Speedup torch.argsort, torch.sort. runtime and sorting axis. how to?

hi,
i have a large float cuda tensor v = (32, 6, 59536).
applying torch.argsort(v, dim=1, descending=True) takes 14ms. (argsort)
it is called twice. so, it weights in term of runtime.
is there any way to speedup this op?

the same questions goes for torch.sort.

here is a weird behavior: runtime of torch.sort depends on the sorting axis!!!

import numpy as np
import torch


def main(axis=-1):
    seed = 0
    torch.manual_seed(seed)
    np.random.seed(seed)

    torch.cuda.manual_seed(seed)
    torch.cuda.manual_seed_all(seed)

    cpu = np.random.rand(32, 6, 59536).astype(np.float32)
    gpu = torch.tensor(cpu).to(device='cuda:0')

    torch.cuda.synchronize()
    start_event = torch.cuda.Event(enable_timing=True)
    end_event = torch.cuda.Event(enable_timing=True)
    start_event.record()

    np.sort(cpu, axis=axis)[1]

    torch.cuda.synchronize()
    end_event.record()
    torch.cuda.synchronize()
    elapsed_time_ms = start_event.elapsed_time(end_event)
    print('time cpu: {}'.format(elapsed_time_ms))

    torch.cuda.synchronize()
    start_event = torch.cuda.Event(enable_timing=True)
    end_event = torch.cuda.Event(enable_timing=True)
    start_event.record()

    torch.sort(gpu, dim=axis, descending=True).values[1]

    torch.cuda.synchronize()
    end_event.record()
    torch.cuda.synchronize()
    elapsed_time_ms = start_event.elapsed_time(end_event)
    print('time gpu: {}'.format(elapsed_time_ms))
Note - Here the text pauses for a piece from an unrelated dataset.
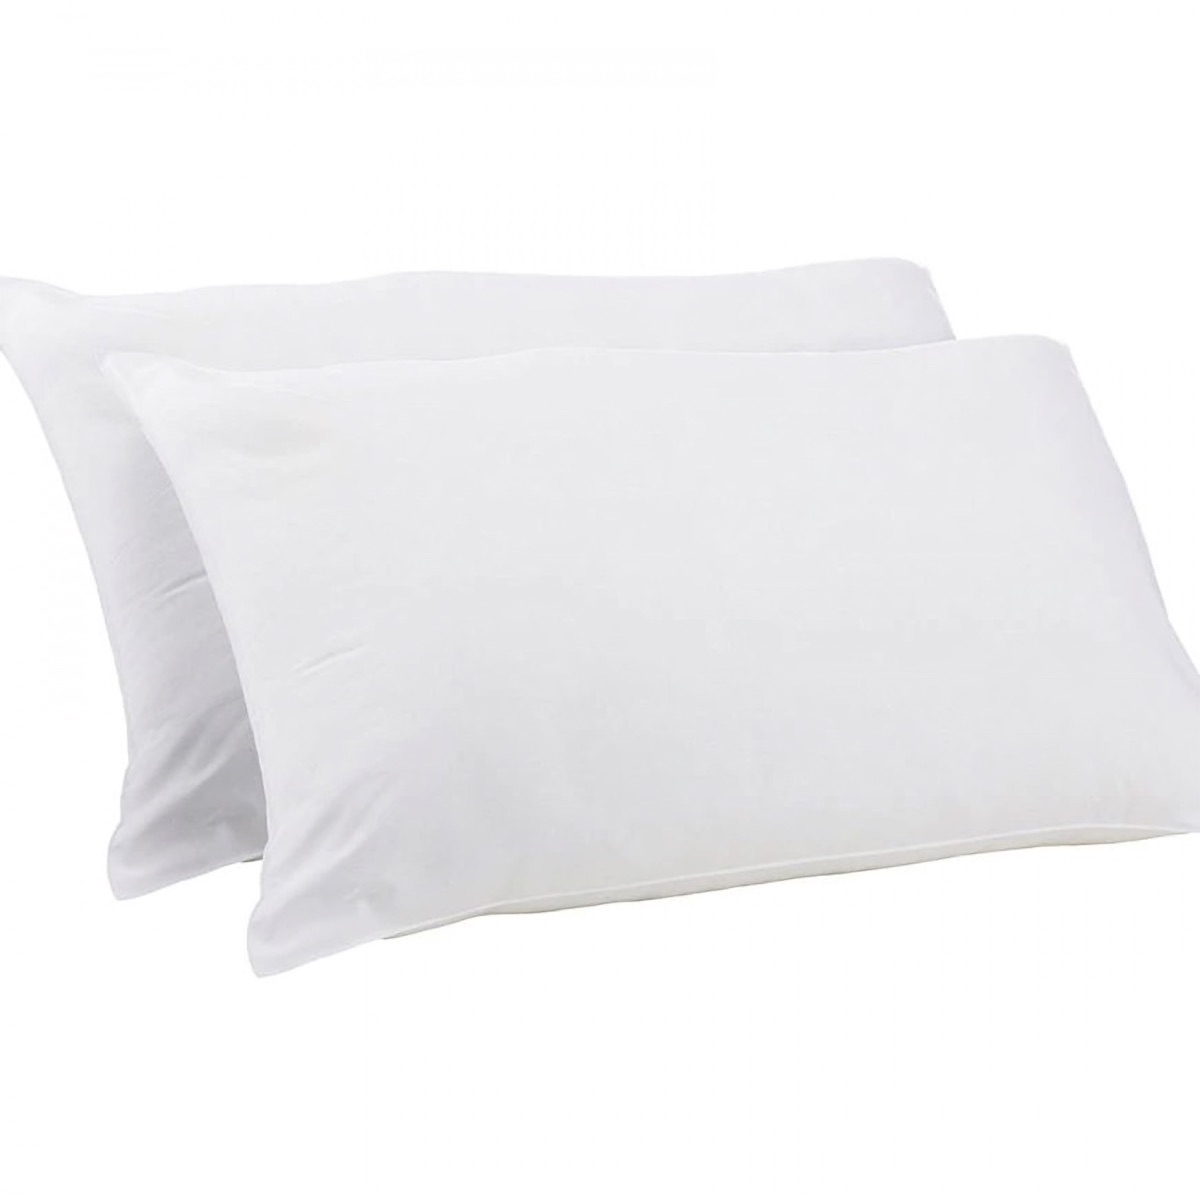 Pillows (x4)

if __name__ == '__main__':

    for axis in [0, 1, 2]:
        print('*************** sorting axis={} *************'.format(axis))
        for i in range(4):
            print('run {}'.format(i))
            main(axis=axis)

output:

*************** sorting axis=0 *************
run 0
time cpu: 272.53204345703125
time gpu: 6.794528007507324
run 1
time cpu: 268.1492614746094
time gpu: 5.733503818511963
run 2
time cpu: 268.2332458496094
time gpu: 5.738399982452393
run 3
time cpu: 271.6305236816406
time gpu: 5.7454400062561035
*************** sorting axis=1 *************
run 0
time cpu: 163.71519470214844
time gpu: 15.351776123046875
run 1
time cpu: 163.94012451171875
time gpu: 15.353407859802246
run 2
time cpu: 165.7310791015625
time gpu: 15.347135543823242
run 3
time cpu: 163.39231872558594
time gpu: 15.351840019226074
*************** sorting axis=2 *************
run 0
time cpu: 817.253173828125
time gpu: 6.221983909606934
run 1
time cpu: 820.2147827148438
time gpu: 5.75600004196167
run 2
time cpu: 817.254638671875
time gpu: 5.731488227844238
run 3
time cpu: 814.9271850585938
time gpu: 5.727200031280518

sorting using extreme axes seems way faster than sorting using inner axes, at least for pytorch. numpy behaves differently.
any explanation?

thanks

You could split the tensor along the other dimension and sort chunks in parallel on different GPUs and then concatenate them together later on a single GPU.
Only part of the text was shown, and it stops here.